About this task:
Go through the records below and report each line with "Stockfoto" in it.

Available data:
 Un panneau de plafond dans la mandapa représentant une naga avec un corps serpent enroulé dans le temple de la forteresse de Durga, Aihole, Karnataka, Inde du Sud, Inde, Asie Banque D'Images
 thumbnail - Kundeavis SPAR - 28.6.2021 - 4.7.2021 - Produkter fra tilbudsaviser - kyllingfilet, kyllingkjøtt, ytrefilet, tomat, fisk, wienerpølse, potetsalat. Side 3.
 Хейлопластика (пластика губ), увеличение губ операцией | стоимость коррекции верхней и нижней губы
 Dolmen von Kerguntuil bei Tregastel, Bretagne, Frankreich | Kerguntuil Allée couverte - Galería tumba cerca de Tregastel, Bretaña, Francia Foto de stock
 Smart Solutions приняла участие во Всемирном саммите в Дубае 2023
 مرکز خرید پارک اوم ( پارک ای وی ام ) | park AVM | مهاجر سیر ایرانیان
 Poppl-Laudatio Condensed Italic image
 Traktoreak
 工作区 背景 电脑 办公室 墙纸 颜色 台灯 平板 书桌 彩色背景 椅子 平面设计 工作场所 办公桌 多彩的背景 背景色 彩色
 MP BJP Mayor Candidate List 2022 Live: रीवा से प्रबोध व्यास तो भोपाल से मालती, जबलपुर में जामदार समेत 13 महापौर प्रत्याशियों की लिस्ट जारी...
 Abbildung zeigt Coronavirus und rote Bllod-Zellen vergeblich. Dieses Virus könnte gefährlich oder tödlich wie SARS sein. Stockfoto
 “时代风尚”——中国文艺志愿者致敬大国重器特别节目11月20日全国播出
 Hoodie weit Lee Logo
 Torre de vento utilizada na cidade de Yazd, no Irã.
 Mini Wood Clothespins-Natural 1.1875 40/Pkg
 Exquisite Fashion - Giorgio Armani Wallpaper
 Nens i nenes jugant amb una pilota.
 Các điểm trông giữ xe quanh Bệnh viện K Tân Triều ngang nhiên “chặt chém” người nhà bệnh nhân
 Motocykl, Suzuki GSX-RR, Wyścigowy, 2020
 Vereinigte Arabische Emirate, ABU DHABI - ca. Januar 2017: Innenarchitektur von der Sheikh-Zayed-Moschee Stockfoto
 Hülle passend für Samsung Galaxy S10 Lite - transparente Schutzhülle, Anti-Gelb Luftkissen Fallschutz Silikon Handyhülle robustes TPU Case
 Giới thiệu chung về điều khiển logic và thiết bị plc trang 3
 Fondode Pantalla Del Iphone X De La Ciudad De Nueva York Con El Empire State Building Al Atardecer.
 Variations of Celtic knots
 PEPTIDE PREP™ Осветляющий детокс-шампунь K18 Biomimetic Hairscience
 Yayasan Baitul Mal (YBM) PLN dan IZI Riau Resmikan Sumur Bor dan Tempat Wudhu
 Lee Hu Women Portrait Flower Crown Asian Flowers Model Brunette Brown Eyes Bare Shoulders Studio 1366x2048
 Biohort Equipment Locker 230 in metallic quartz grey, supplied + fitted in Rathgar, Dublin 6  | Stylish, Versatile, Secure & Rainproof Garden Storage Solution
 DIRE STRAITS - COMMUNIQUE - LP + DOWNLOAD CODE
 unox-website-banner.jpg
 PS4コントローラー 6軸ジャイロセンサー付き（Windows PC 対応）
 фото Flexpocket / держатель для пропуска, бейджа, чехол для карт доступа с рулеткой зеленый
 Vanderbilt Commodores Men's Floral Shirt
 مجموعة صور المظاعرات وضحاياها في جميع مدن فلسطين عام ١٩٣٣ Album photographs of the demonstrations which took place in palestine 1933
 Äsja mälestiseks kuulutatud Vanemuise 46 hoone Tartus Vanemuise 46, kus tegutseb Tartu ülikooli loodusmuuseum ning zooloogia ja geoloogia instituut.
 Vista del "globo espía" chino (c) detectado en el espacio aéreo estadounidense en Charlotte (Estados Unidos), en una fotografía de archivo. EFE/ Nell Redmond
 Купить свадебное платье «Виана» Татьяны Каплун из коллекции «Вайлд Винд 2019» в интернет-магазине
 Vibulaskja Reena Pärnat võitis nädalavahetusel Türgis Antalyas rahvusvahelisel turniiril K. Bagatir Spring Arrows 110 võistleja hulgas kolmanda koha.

Reply to the exercise:
 Abbildung zeigt Coronavirus und rote Bllod-Zellen vergeblich. Dieses Virus könnte gefährlich oder tödlich wie SARS sein. Stockfoto
 Vereinigte Arabische Emirate, ABU DHABI - ca. Januar 2017: Innenarchitektur von der Sheikh-Zayed-Moschee Stockfoto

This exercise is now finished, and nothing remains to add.